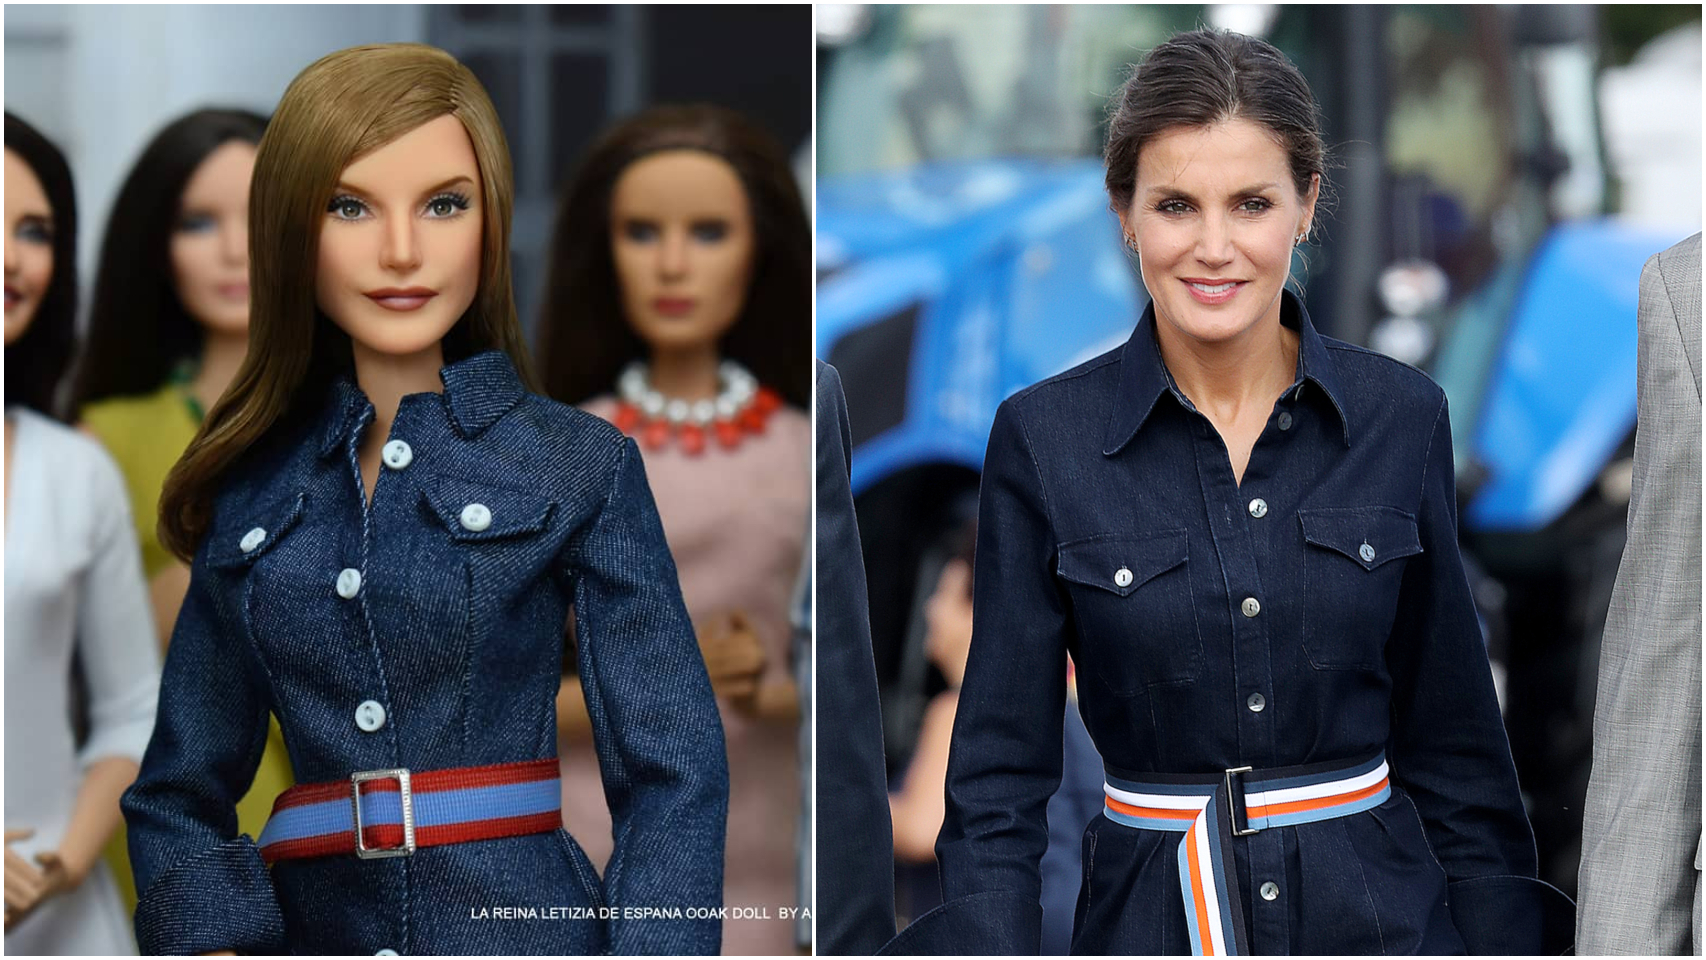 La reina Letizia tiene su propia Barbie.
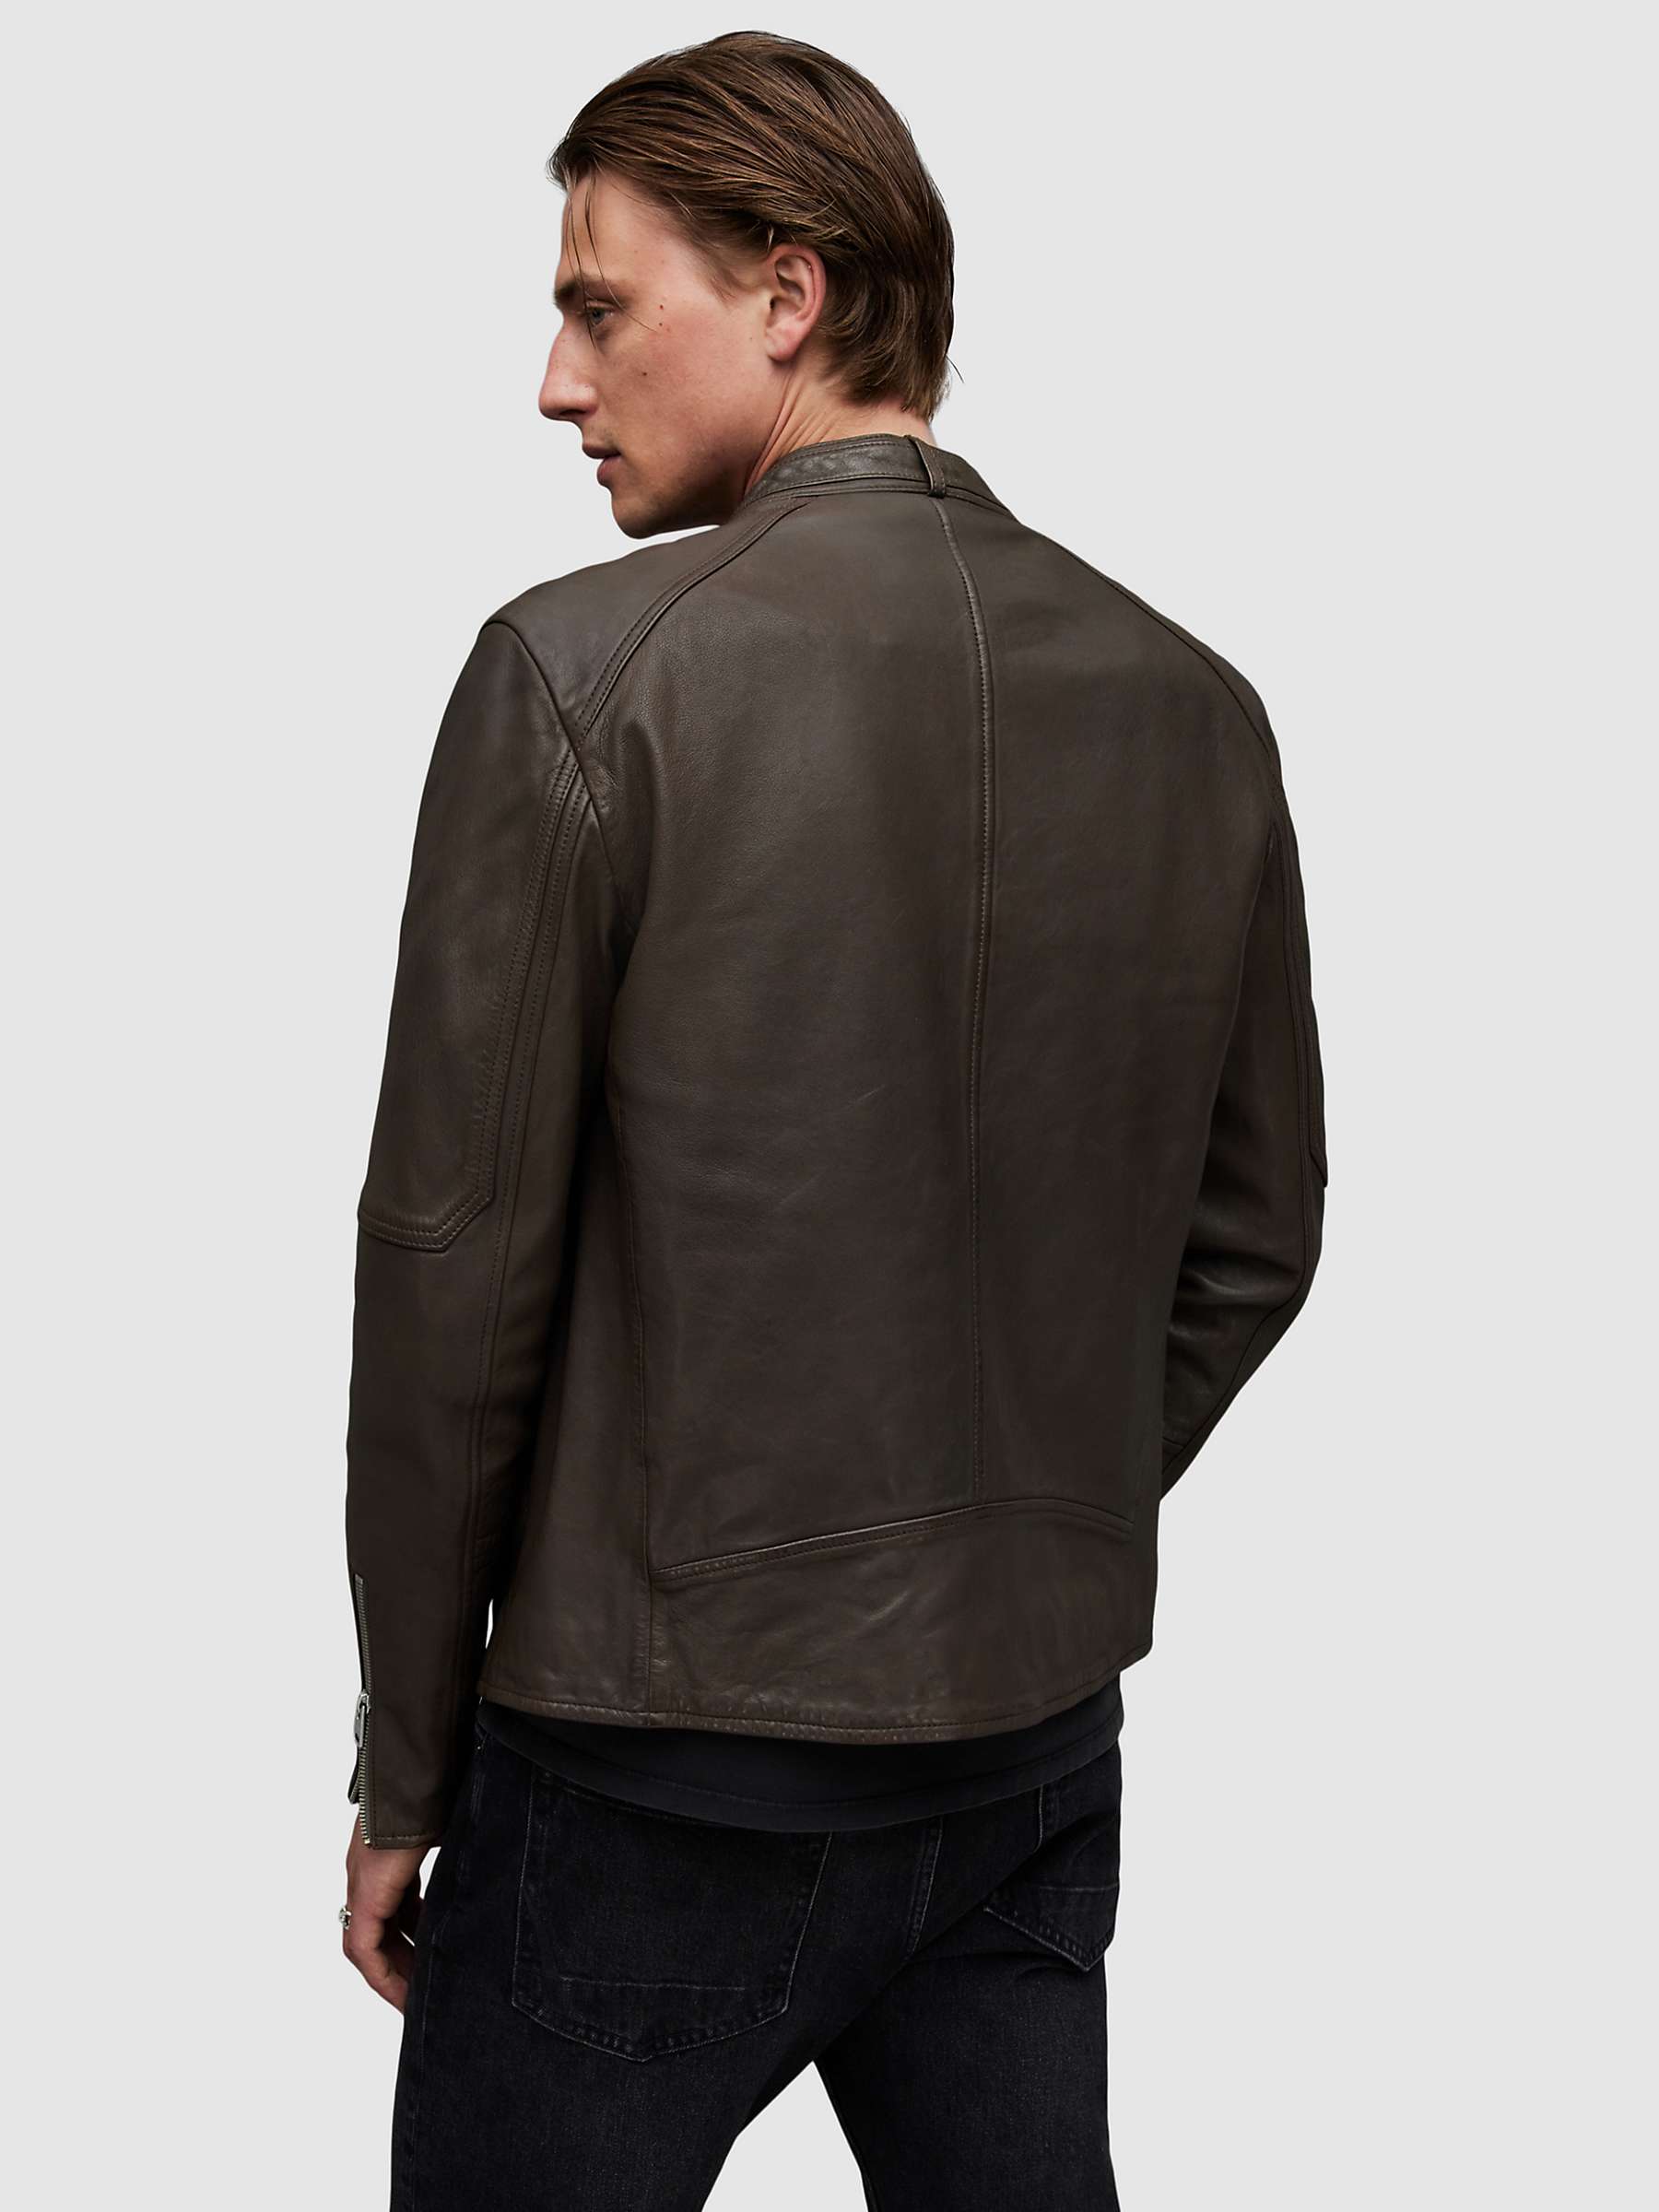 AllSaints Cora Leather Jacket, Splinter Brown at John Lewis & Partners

------------------------------

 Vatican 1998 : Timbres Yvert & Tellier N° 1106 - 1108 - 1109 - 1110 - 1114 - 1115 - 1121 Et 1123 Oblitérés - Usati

------------------------------

What you should do:
Word for word, write out the lines above running from the one with "La reina Letizia tiene su propia Barbie." up to and including the one with "AllSaints Cora Leather". Drop any picture.

Exercise response:
 La reina Letizia tiene su propia Barbie.
 AllSaints Cora Leather Jacket, Splinter Brown at John Lewis & Partners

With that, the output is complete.